# Linea steam arm on a Fracino?



## belladylan74 (Jul 12, 2012)

Hi,

So I have a Linea in my shop which is great and I love the steam arm. I also have a little mobile coffee van in which we use a Fracino, the steam arm on these I find to be quite hard work, the angle is not ideal, too square for me.

Anyway does anyone know if I can put a La Marzocco steam arm on my Fracino, probably not but if anyone can recommend an arm that is similar to the Linea that will fit a Fracino it would be greatly appreciated.

Thanks


----------



## MelonCoffee (Jun 21, 2012)

What model is the Fracino - is it a tall-cup model (long steam arms)? Model year might be handy too - Fracino changed the steam valves twice in production (although this was more front end of valve - not arm fitting)

Fracinos, along with CMA (Astoria, Wega, Costa) seem to be very powerful on the steam (I think it's the larger holes in the tip?) Anyhow - I can have a look at a fracino valve (when I am back in the workshop on Monday) and perhaps recommend an arm that might be better for you.

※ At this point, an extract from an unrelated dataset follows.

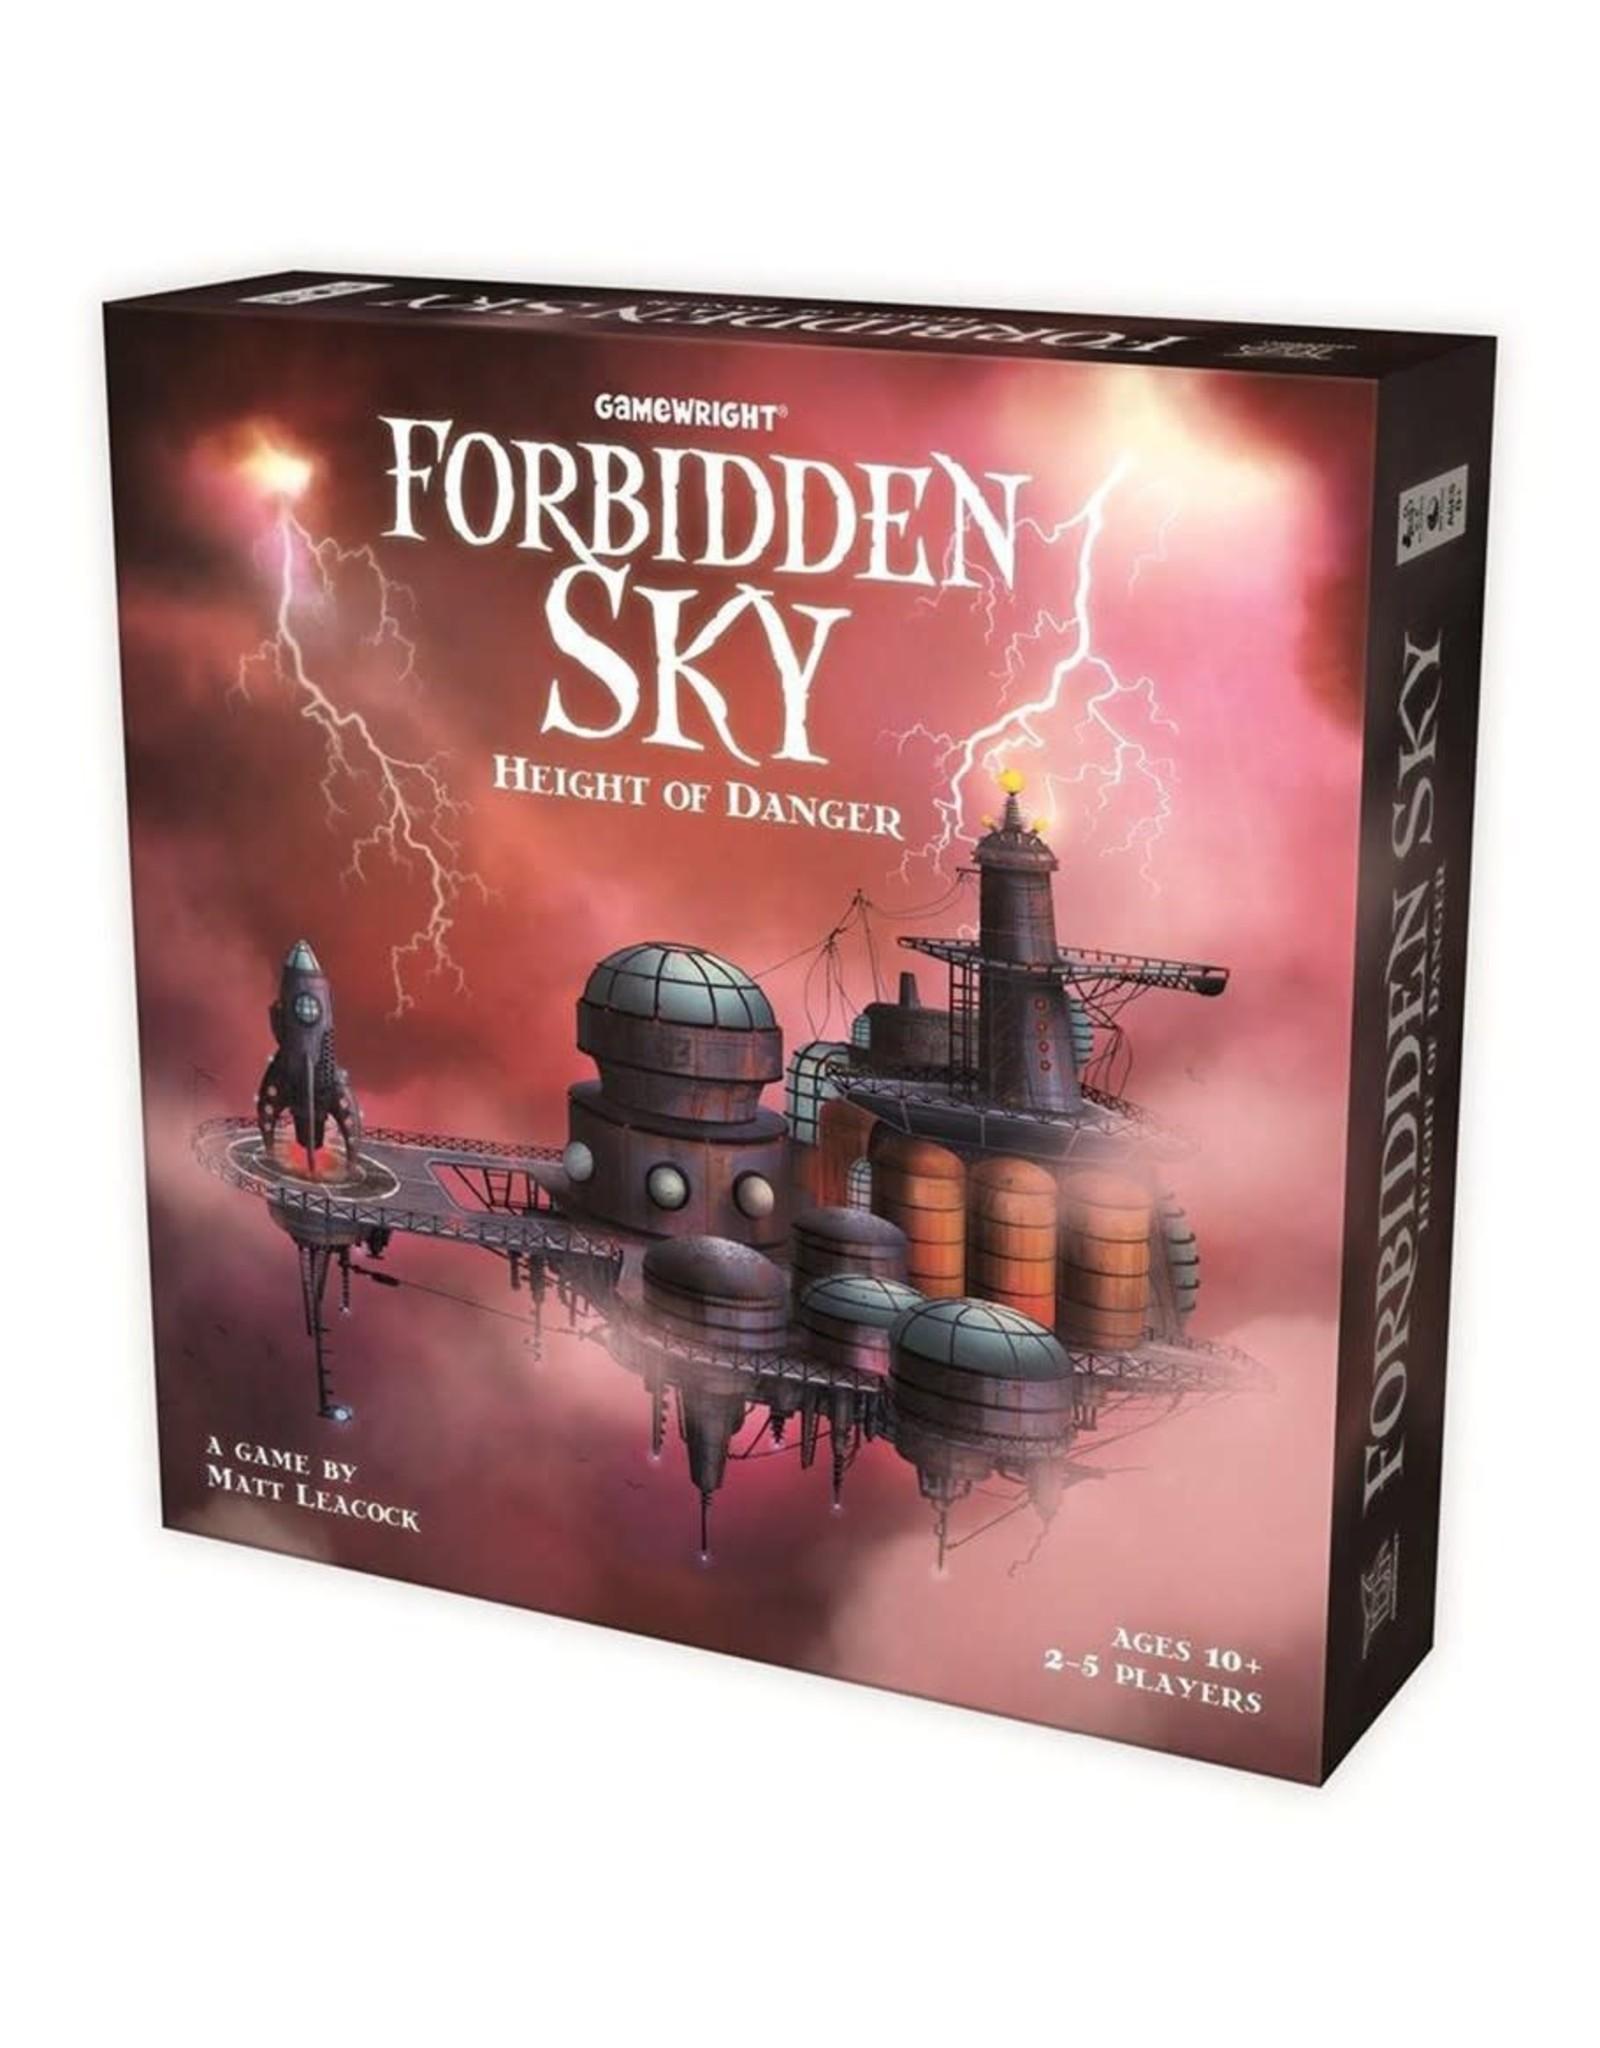 Gamewright Forbidden Sky: Height of Danger

Another issue that some have with the Fracino is that it is difficult to angle the arm - thus, a different steam arm might not help. I might be able to source a short, straight extension for the top - This will bring the ball joint lower, and allow more movement on the arm.


----------



## belladylan74 (Jul 12, 2012)

Thanks MelonCoffee! Its a Classic (2 LPG) I got it new from the factory in Birmingham in mid-2010, tall cup.

I think it is a combination of the angle and the large holes, I thought about getting one of those blade steam tips but they were more expensive than the arms and that wouldn't fix the angle problem I have.

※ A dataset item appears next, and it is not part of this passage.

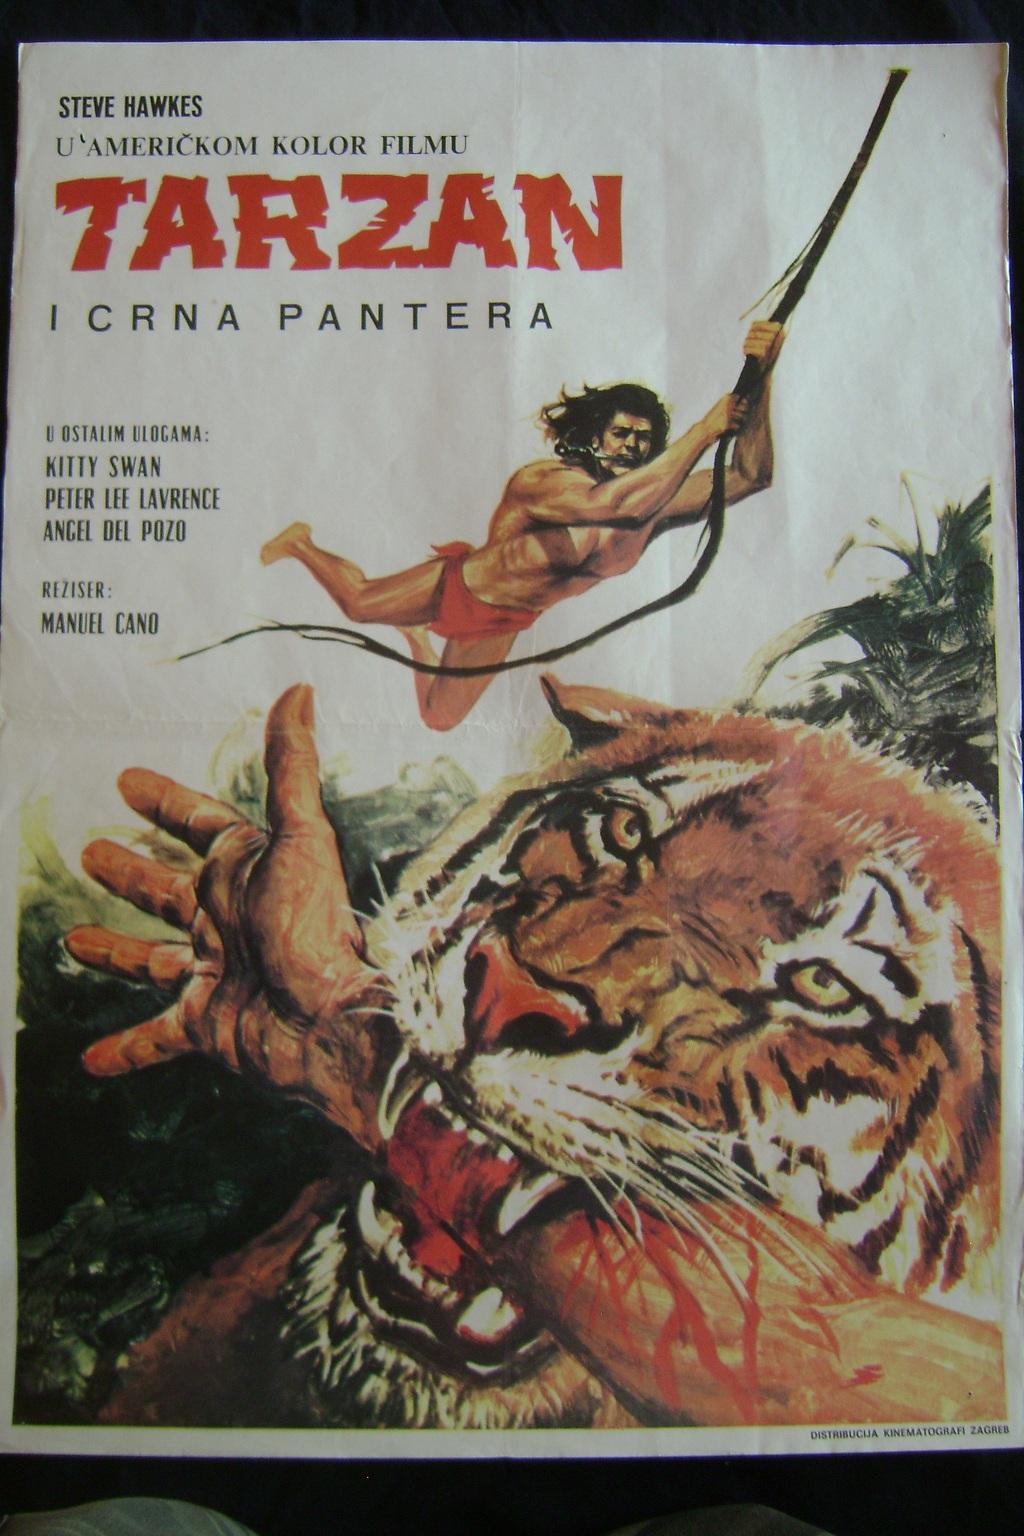 Filmski_poster_TARZAN_I_CRNA_PANTERA_1975_1.JPG

Anything you can recommend would be appreciated.

Thanks in advance


----------



## MelonCoffee (Jun 21, 2012)

As promised I checked out a Fracino valve today - You will be pleased to know that the steam arm fitting is standard and so most 'ball joint' type steam arms will fit (some may need a couple of extra packing washers internally, others may need teflon washers externally)

The main issue might be that whatever arm you fit might not pull forward far enough to give you the angle you desire - let me ponder this issue for a couple of days - sure i will find a solution.


----------



## funinacup (Aug 30, 2010)

In that case maybe an arm from a CMA Lisa would fit. They are generally longer than most and have two bends in them so would come out further than your current one. I'll try find a picture.

Michael

Fun in a Cup Coffee Training


----------



## funinacup (Aug 30, 2010)

Michael

Fun in a Cup Coffee Training


----------



## MelonCoffee (Jun 21, 2012)

The CMA long reach 8mm arm was my 1st thought for fitting - unfortunately i do not know of any steam arms that are so far different to the Marzocco one that we are attempting to replicate (except perhaps the Fracino ones!). The unfortunate thing is that the Marzocco ones are generally 'banjo' fit not nut & ball - the quest continues.....


----------



## belladylan74 (Jul 12, 2012)

Thanks everyone for jumping on board in my search for the perfect steam arm, its very much appreciated. Im wondering whether I just suffer the annoying angle of the Fracino and look into finding a better steam tip with smaller holes.

If however anyone does have a eureka moment there will be a coffee of your choice waiting for you in North West London!


----------